A few months ago, fitness writer Craig Ballantyne wrote a post for Zen Habits called 12 Rules to Live By that I really liked.
I was inspired: just as Craig intended, his list made me examine about my own life rules, borrowing from his where I found them useful. The point was not to say, You should follow these rules too, but rather:
These are my rules. Have you thought about yours?
As an exercise, I put together my own, narrower list, just around the topic of veganism (distinct from healthy eating, for which I have another list). I’ve gotten here gradually over the course of about six years, beginning with the day I decided I was going to cut just the red meat out of my diet — and that was a big deal! So it’s interesting for me to look at the rules I now eat (and live) by, many of which didn’t form consciously but instead resulted from habit, grooves that just kept wearing deeper over time.

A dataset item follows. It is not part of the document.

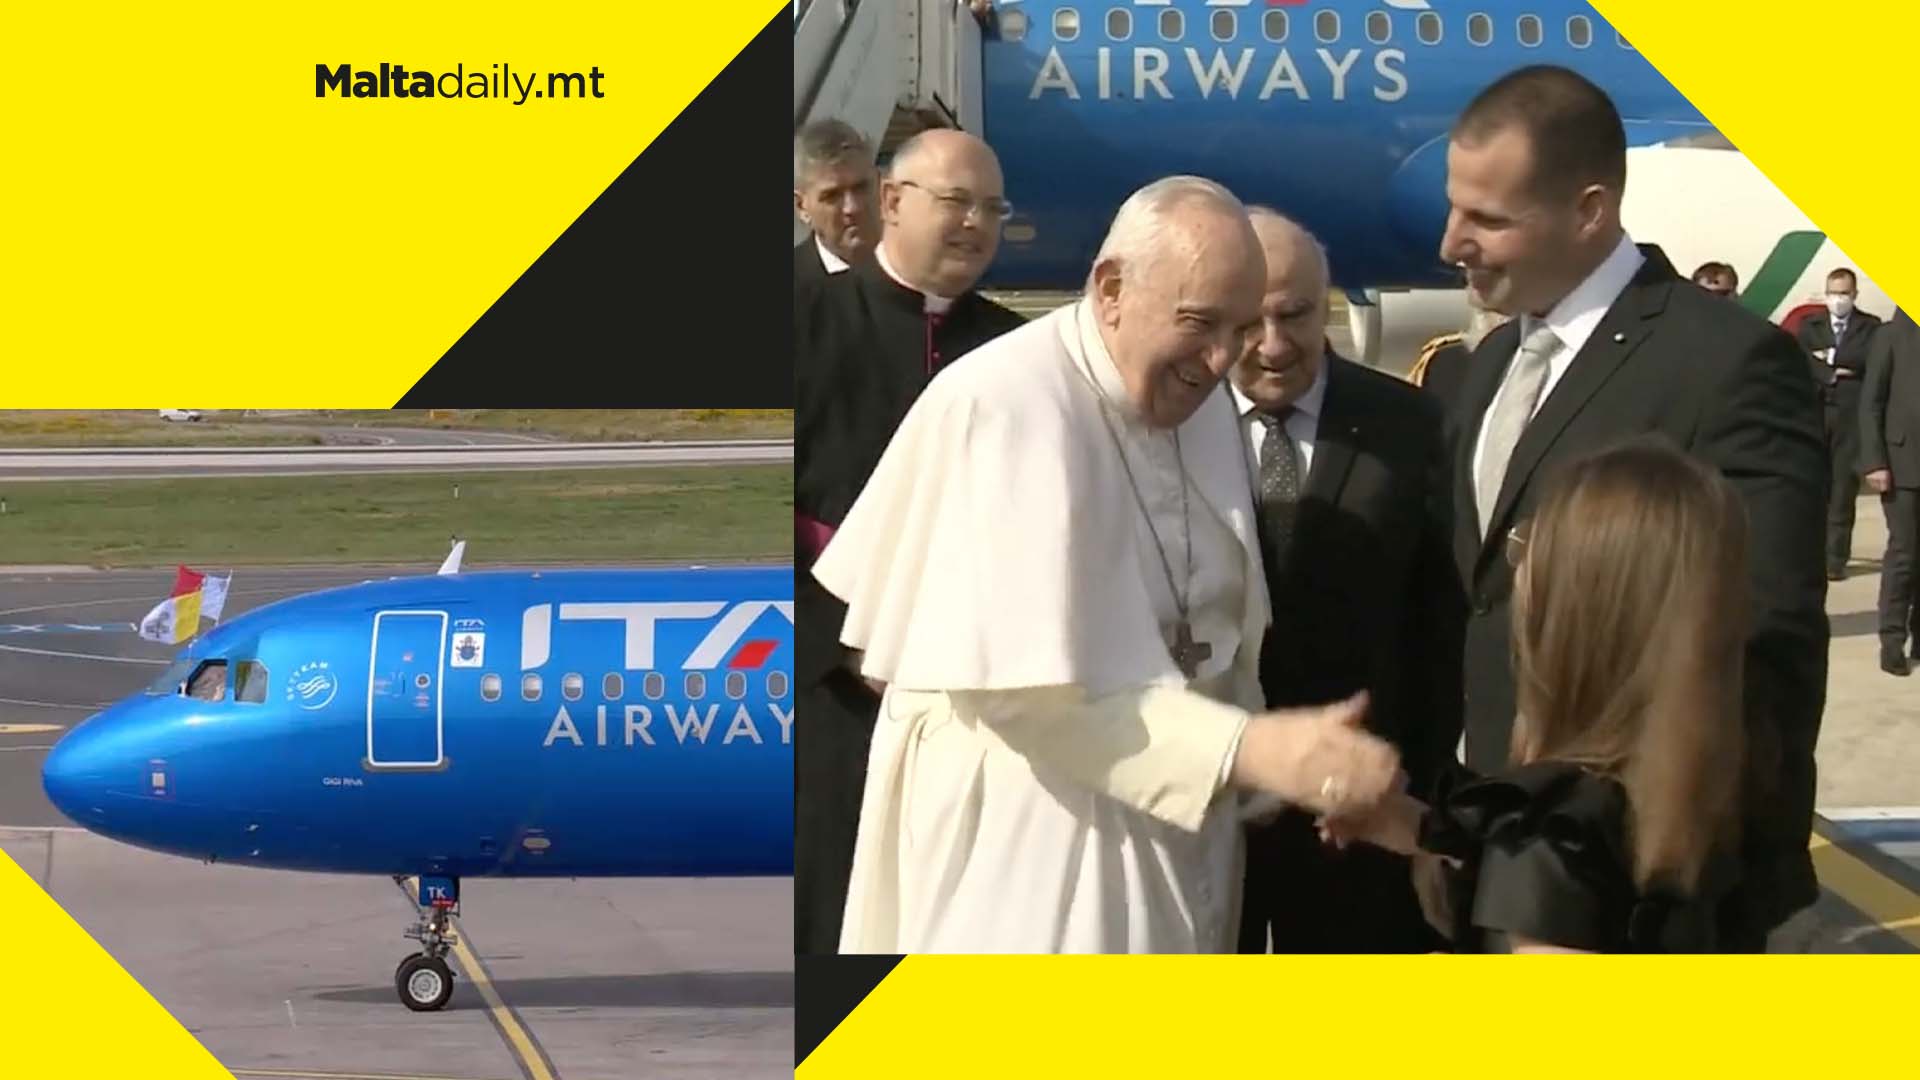 WATCH: Pope Francis arrives in Malta for long-awaited visit

Like Craig with his list, I have no intention of this being a “here’s what you should do” post. Nor is it final or comprehensive — I’m still progressing, still figuring out how I want to eat and what I want to be my “policies” as they relate to food.
But I do hope this list achieves one result: opens a few eyes to the fact that vegan doesn’t have to mean militant and inflexible. More than ever, I’m fed up that vegans and vegetarians are perceived as extreme, preachy elitists who think we know what’s right for everyone and that the world should be forced to eat like we do. I’m even more fed up that we bring that stereotype upon ourselves — for example, by creating sites like exvegans.com, as portrayed in this article.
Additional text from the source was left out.